Not named for its rocky soil (Gannett, Place Names, p. 222), nor for Rock Prairie therein (Wis. Hist. Colls., i, p. 113), but for its principal river. This stream was denominated by the early French explorers, "des Kickapoo," for a village of that tribe found upon it. In the eighteenth century it was called "Riviere de la Roche," which was variously translated into Stony, Rocky, and finally Rock River. This was no doubt a translation of the Indian word, given because of the chain of rocks at the mouth of the stream, causing the rapids beside which is now the city of Rock Island, Ill.
[Source: Kellogg, Louise Phelps. "Derivation of County Names" in Proceedings of the State Historical Society of Wisconsin for 1909, pages 219-231.]
County QuickFacts: CensusBureau Quick Facts
Rock county, created in 1836 as a territorial county, is named for the Rock River. Located in southeast
Wisconsin, the county seat is Janesville.
"ROCK, County, is bounded on the north by Dane and Jefferson, on the east by Walworth, on the south by the State of Illinois, and on the west by Green. The county seat is at Janesville, on Rock river. It was set off from Milwaukee, Dec. 7, 1836, and fully organized Feb. 19, 1839. The county is about equally divided between prairie and oak openings, with no large bodies of heavy timnber. It is situated on both sides of Rock river, the valley of which is as rich soil as can be found in any part of the country. The prairies are some of them quite large, but beautifully undulating, and productive in the highest degree, and are being settled and cultivated to the very centre. The different varieties of soil - upland, bottom land, prairie and openings, afford facilities for cultivating all the productions of the climate to the greatest advantage - wheat upon the rolling prairies and openings - the coarser grains upon the bottom lands - and tame and wild grasses upon the low prairies and marshes, flourish best, though each class of soil is adapted more or less to all these products. It is watered by Rock river and its branches. The principal villages are Janesville, Beloit, Fulton, and Milton. Its population in 1840 was 1,701; 1842, 2,867; 1846,12,405; 1847, 14,720; 1850, 30,717. Square miles, 720. It has 3,631 dwellings, 1,975 farms, and 126 manufactories"

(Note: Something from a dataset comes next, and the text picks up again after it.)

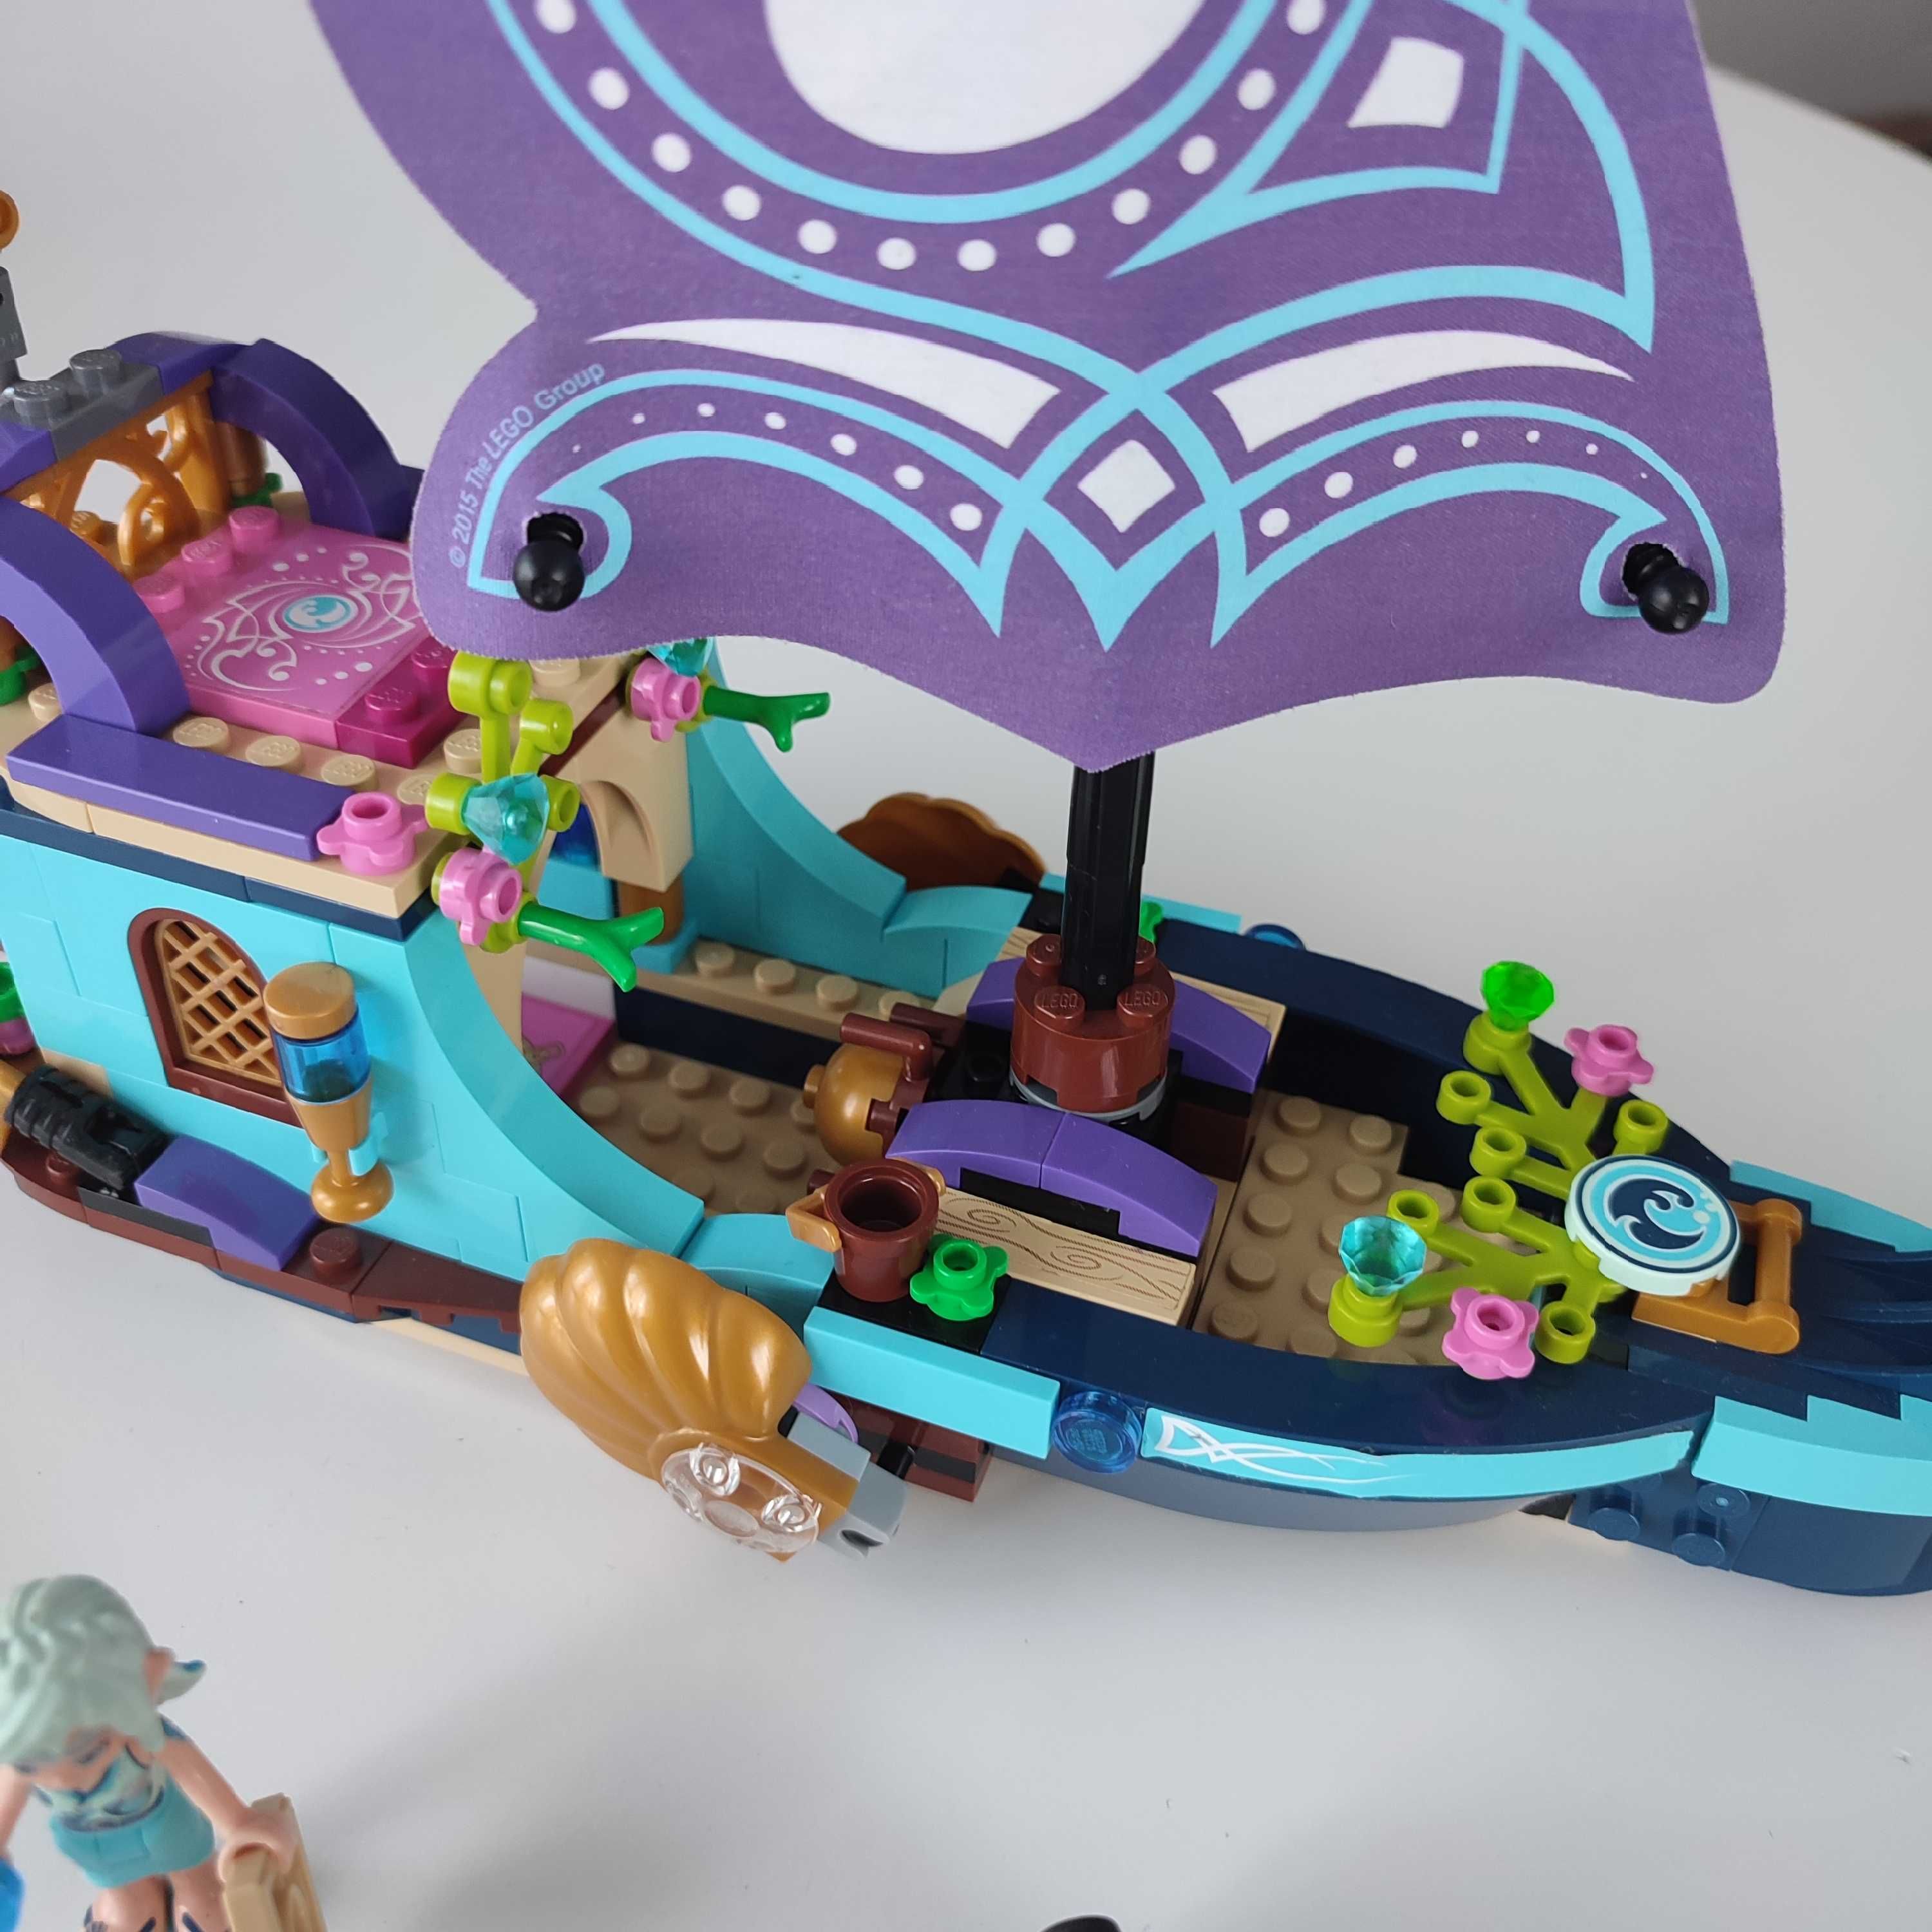 LEGO Elves 41073 statek Naidy kompletny z instrukcją

Lies on both sides of Rock River, and is bounded on the south by Illinois. It is mostly prairie and openings,
there being no heavy timber. The prairies are more extensive than in other sections, Rock Prairie being the largest
in the State. The soil is exceedingly rich, especially in the valley of the Rock. The eastern part is not as well
watered as other portions. It is a thickly settled county. Janesville is the County Seat, and the fifth city in size
in the State, many routes of travel centering there. Beloit, in the southern part is a flourishing village, having
water power on the Rock River and Turtle Creek. It is the location of Beloit College, a well endowed and flourishing
institution, under the charge of the Wisconsin and Illinois Convention of Presbyterian and Congregational Churches.
The Milwaukee and Mississippi Rail Road passes through the northern part of Rock, having a branch from Milton to Janesville, which is ultimately to be continued west to the Mississippi, as the Wisconsin Southern. Rock River Valley Rail Road from the State line up the River. Beloit and Madison, now running about 18 miles from Beloit. Racine, having its terminus at Beloit, and the Kenosha and Janesville Road.
As reported by the Census Bureau, the county has a total area of 726 square miles (1,881 km2), of which, 720 square miles (1,866 km2) of it is land and 6 square miles (15 km2) of it (0.79%) is water.